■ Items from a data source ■
- Opening Delimiter -

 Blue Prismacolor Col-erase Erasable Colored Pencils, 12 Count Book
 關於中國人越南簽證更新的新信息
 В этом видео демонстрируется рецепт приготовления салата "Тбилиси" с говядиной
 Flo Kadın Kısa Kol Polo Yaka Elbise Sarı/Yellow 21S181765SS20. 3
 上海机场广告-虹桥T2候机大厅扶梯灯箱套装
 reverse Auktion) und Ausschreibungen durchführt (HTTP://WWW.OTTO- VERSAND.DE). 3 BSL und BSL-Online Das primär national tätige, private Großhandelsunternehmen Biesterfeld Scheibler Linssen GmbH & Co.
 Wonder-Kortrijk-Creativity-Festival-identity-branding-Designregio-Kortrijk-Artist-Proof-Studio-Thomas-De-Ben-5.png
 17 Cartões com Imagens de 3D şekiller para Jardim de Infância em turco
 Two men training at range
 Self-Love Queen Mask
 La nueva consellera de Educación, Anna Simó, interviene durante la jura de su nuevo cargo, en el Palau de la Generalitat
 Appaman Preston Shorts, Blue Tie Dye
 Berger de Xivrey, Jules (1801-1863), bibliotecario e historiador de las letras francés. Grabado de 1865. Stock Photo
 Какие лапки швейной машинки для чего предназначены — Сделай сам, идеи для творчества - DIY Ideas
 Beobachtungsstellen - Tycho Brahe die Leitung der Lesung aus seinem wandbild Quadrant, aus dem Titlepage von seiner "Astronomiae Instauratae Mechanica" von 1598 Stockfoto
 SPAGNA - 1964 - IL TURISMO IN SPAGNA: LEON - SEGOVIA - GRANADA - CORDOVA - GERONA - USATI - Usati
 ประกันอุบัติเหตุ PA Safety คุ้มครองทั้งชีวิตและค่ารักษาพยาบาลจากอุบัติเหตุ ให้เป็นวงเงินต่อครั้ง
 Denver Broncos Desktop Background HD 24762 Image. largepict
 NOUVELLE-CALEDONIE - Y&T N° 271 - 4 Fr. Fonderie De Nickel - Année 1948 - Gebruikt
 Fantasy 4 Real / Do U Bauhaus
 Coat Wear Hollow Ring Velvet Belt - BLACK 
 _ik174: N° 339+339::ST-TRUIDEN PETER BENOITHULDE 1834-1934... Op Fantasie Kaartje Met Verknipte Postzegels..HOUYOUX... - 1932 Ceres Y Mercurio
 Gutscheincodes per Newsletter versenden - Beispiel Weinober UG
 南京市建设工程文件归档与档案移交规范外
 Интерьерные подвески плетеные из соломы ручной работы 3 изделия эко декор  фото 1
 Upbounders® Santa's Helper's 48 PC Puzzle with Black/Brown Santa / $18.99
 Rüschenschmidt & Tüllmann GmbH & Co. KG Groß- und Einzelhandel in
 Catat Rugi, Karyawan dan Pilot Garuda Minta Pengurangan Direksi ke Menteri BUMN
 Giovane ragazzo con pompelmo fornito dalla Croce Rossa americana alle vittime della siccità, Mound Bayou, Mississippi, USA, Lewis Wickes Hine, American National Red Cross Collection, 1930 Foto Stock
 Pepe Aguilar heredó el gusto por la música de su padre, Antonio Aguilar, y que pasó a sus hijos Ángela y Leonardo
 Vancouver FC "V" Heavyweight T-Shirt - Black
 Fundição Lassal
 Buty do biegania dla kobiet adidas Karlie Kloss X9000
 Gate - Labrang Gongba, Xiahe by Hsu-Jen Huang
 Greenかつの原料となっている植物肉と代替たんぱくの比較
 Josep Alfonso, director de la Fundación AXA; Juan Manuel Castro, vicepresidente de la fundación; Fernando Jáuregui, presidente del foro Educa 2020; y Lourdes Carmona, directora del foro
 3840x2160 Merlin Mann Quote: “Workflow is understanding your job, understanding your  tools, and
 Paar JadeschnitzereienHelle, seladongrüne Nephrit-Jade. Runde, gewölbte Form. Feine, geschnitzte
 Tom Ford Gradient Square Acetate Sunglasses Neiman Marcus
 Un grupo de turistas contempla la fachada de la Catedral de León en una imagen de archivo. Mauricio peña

- Closing Delimiter -

A single number is required: the count of lines in the records that include the string "Blue".

■ Task solution ■
2